Translation (RNA→protein) can be divided into four steps, all of which occur in the cytoplasm. When the polypeptide is complete at the end of step 5, the two ribosomal subunits come apart, and the tRNA and mRNA are released. Translation is rapid; a single ribosome can make an average-sized polypeptide in less than a minute. Typically, an mRNA molecule is translated simultaneously by a number of ribosomes. Once the start codon emerges from the first ribosome, a second ribosome can attach to it; thus, several ribosomes may trail along on the same mRNA molecule. As it is made, a polypeptide coils and folds, assuming a three-dimensional shape, its tertiary structure. Several polypeptides may come together, forming a protein with quaternary structure
Which of the types of nucleic acids you’ve learned about does not participate directly in translation?
DNA
Note 2 —-»
Many inherited traits can be understood in molecular terms. For instance, sickle-cell disease results from a change in a single amino acid in one of the polypeptides in the hemoglobin protein. This difference is caused by a single nucleotide difference in the DNA coding for that polypeptide. In the double helix, one nucleotide pair is changed. Any change to the genetic information of a cell or virus is called a mutation.
Mutation
A change in the genetic material of the cell.
Note 3 —-»
A nucleotide substitution is the replacement of one nucleotide and its base-pairing partner with another pair of nucleotides.
Silent Mutation
A mutation in a gene that changes a codon to one that codes for the same amino acid as the original codon.
Missense Mutation
A change in the nucleotide sequence of a gene that alters the amino acid sequence of the resulting polypeptide.
Note 4 —-»
Some missense mutations have little or no effect on the resulting protein, but others, as in the case of sickle-cell disease, prevent the protein from performing its normal function.
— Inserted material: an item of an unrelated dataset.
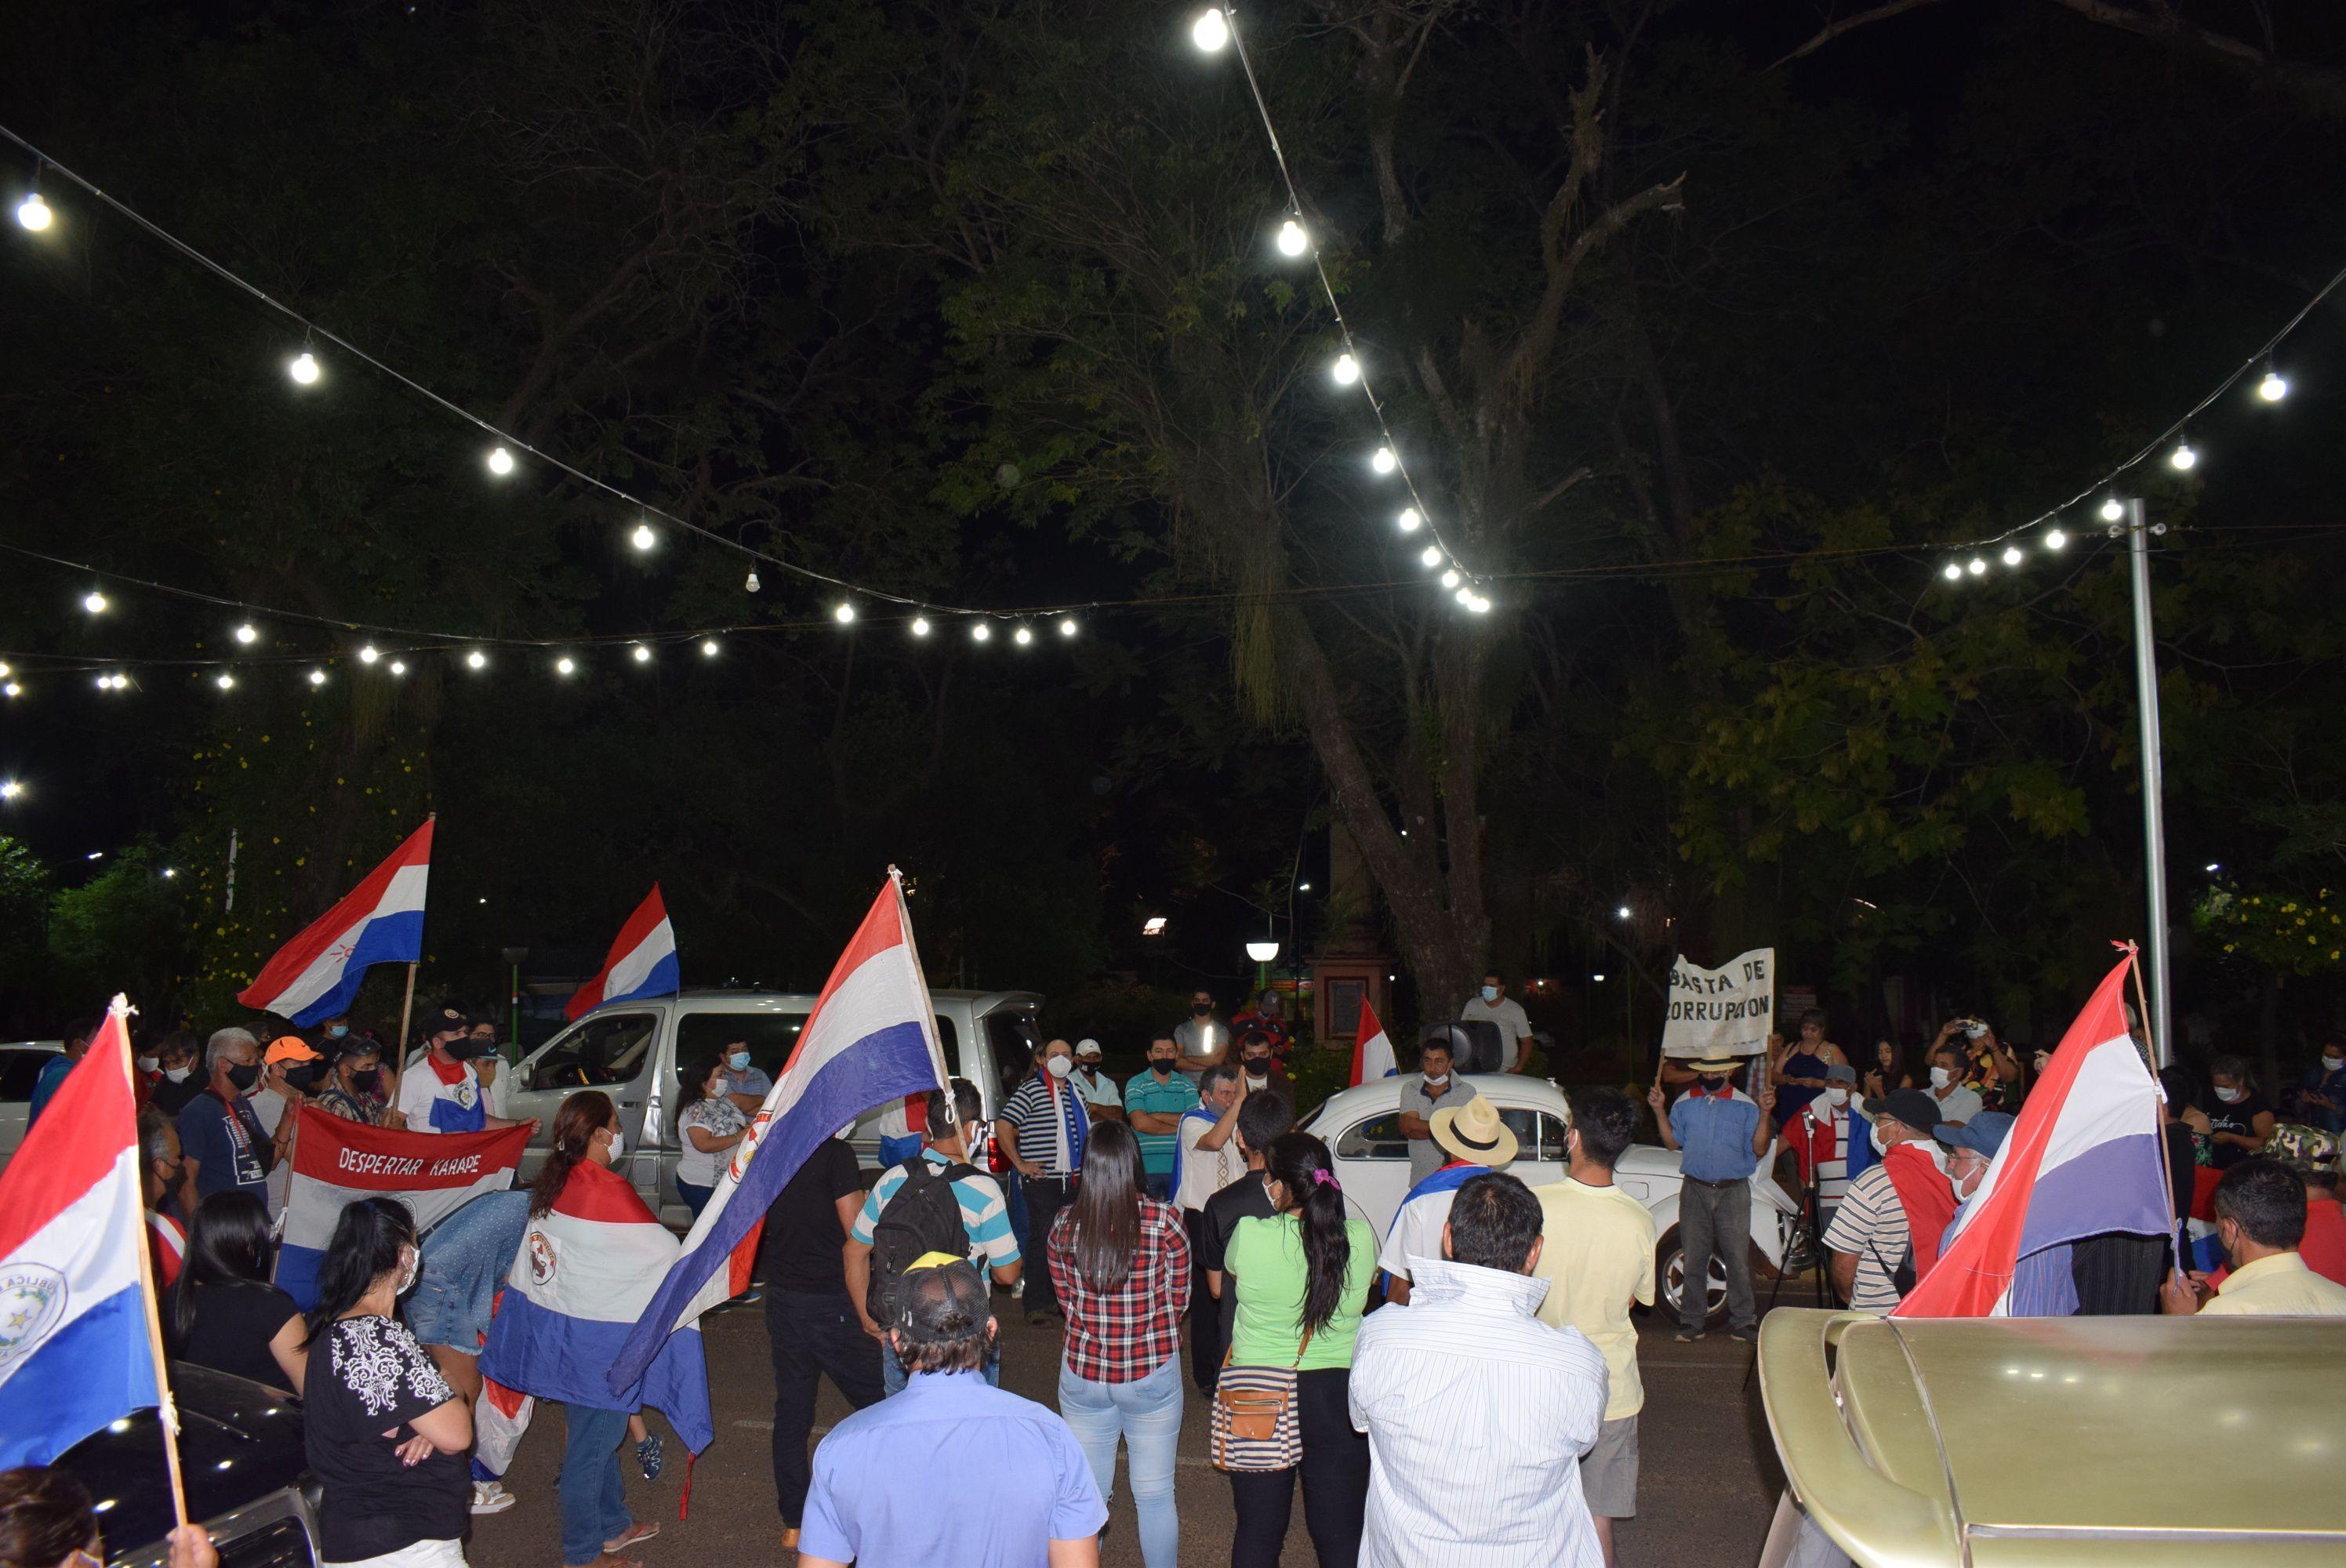 La concentración se realizó en la Plaza Gral.Eduvigis Díaz luego marcharon por ruta I.

Nonsense mutations change an amino acid codon into a stop codon. For example, if an AGA (Arg) codon is changed to a UGA (stop) codon, the result will be a prematurely terminated protein, which probably will not function properly.
Note 5 —-»
Because mRNA is read as a series of nucleotide codons (triplets) during translation, adding or subtracting nucleotides may alter the reading frame (triplet grouping) of the genetic message. Such a mutation, which is called a frameshift mutation, occurs whenever the number of nucleotides inserted or deleted is not a multiple of three. All the nucleotides after the insertion or deletion will be regrouped into different codons.
Frameshift Mutation
A change in the genetic material that involves the insertion or deletion of one or more nucleotides in a gene, resulting in the triplet grouping of nucleotides.
Note 6 —-»
Spontaneous mutations result from errors during DNA replication or recombination. Other mutations are caused by physical or chemical agents called mutagens. High-energy radiation, such as X-rays or ultraviolet light, is a physical mutagen. Some chemical mutagens are molecules that are similar to normal DNA bases but disrupt DNA replication.
Mutagen
A chemical or physical agent that interacts with DNA and causes a mutation.
Note 7 —-»
Occasionally, a mutation leads to a protein that enhances the success of the mutant organism and its descendants. Much more often, mutations are harmful to an organism. Mutations are, however, an important source of the rich diversity of genes in the living world, a diversity that makes evolution by natural selection possible.
How could a single nucleotide substitution result in a shortened protein product?
A substitution that changed an amino acid codon into a stop codon would produce a prematurely terminated polypeptide.